Disadvantage, Pain and Risk
Magic can be painful. Not just physically but mentally too. Why not emotionally as well - if it leads to you being isolated, abused and outlawed. The physical cost of magic hasn't been exploited as much as it might but what if the expulsion of magic causes intense pain, even shortens the life energy? Also worth considering, if the materials needed to create magic requires expensive source materials, how is it paid for? Do you need to be rich? Or a good thief?
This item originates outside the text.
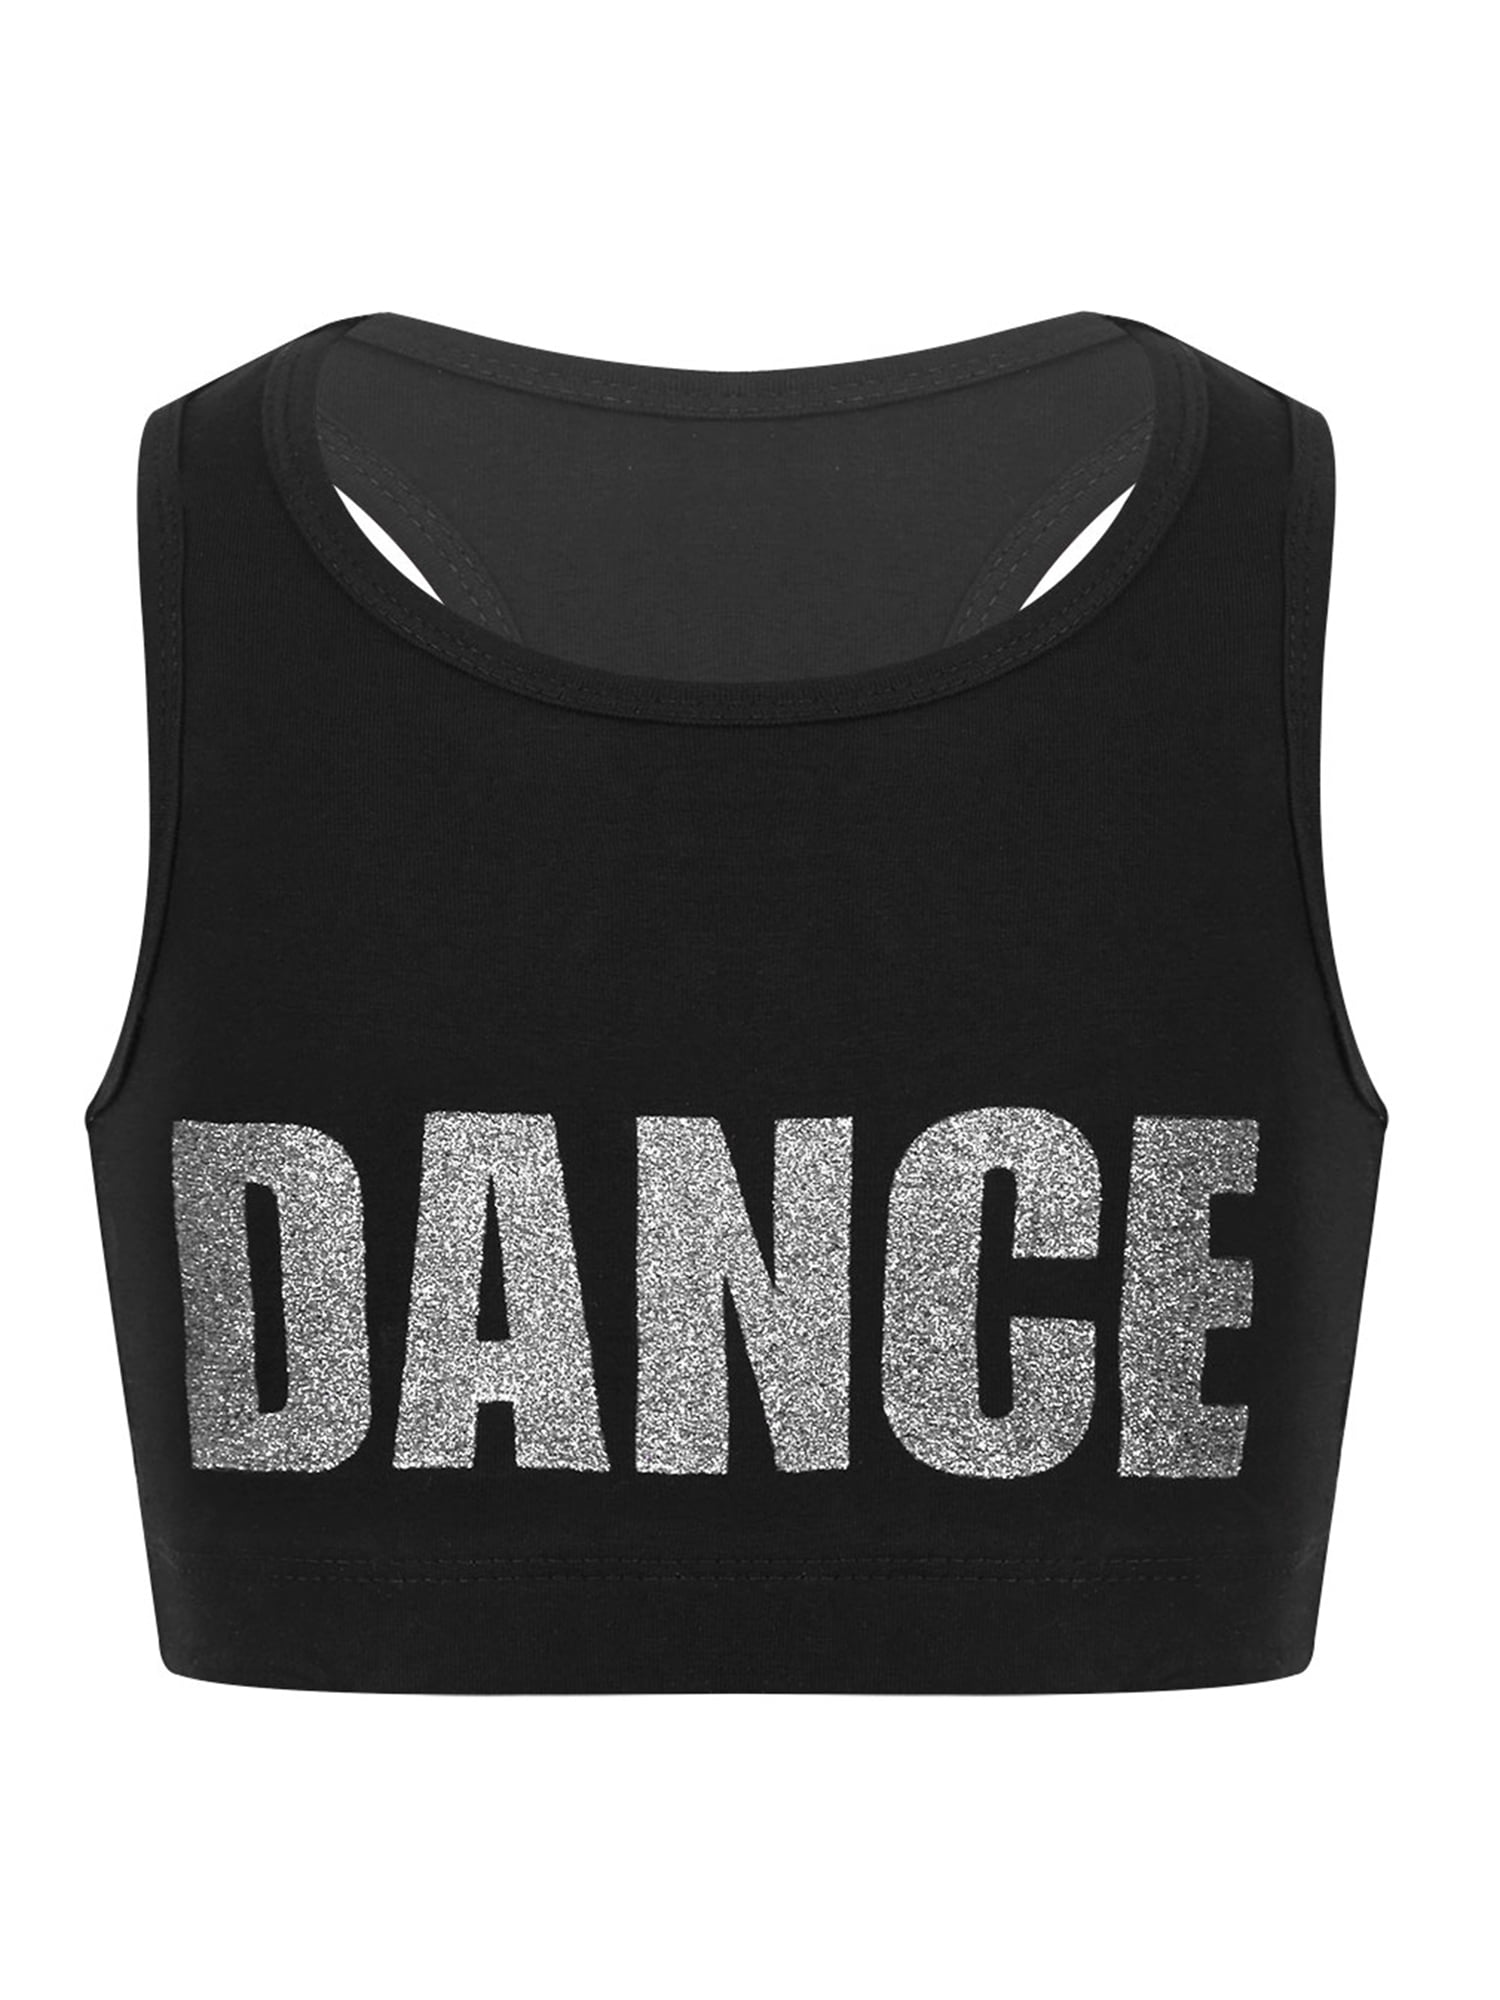 Girls Dance Bra Crop Top Kids Gymnastics Workout Sports Vest Tank Tops Dancewear 
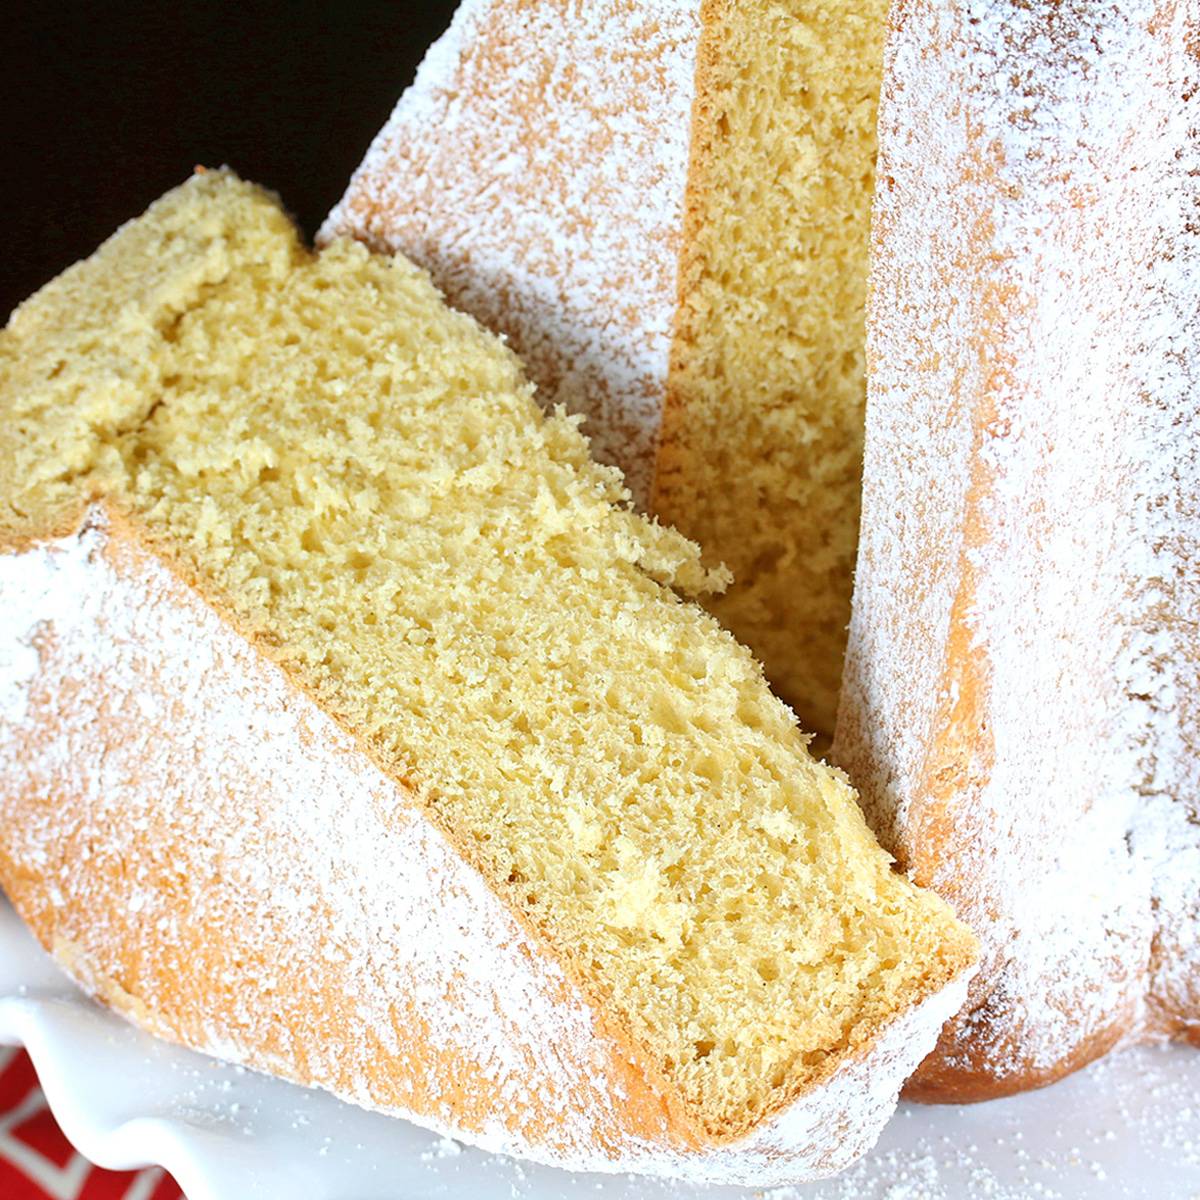 pandoro recipe traditional authentic Verona Christmas bread cake yeast lemon best Italian

Not to be overlooked either is the risk element of magic. This is explored in lots of stories and TV shows (back to Buffy again!). It can lead to the accidental escape of demons who invade the magic user's world (urban fantasy tropes abound here!). It can lead to other accidents (explosions, changes of space/time, killing of unintended victims etc.). Variations on zombie and vampire tales exist from this trope. I haven't mentioned magic linked to fairies either but you've only got to read Jim Butcher's Dresden Files to see how many possibilities exist in this trope when it comes to magic problem-causing.
One final thought about the use of magic. Speculative fiction works on the assumption of "What if..?" The pursuit of a story where the writer assumes a possible situation and explores the consequences that develop from that position. Magic is the perfect tool, or maguffin, for such narratives. Magic enables to writer to break normal conventions, to explore possibilities without real limitations imposing barriers. But if we are to do this, it's best to bend those conventions rather than break them into pieces.
In other words, magic must be credible. We have to believe it works within the setting of the story so that we can believe everything else. We may be open to considering the potentially impossible but we must be convinced by the author's attention to detail that makes it all real. That detail must not only exist within the world they create but also the characters that inhabit it.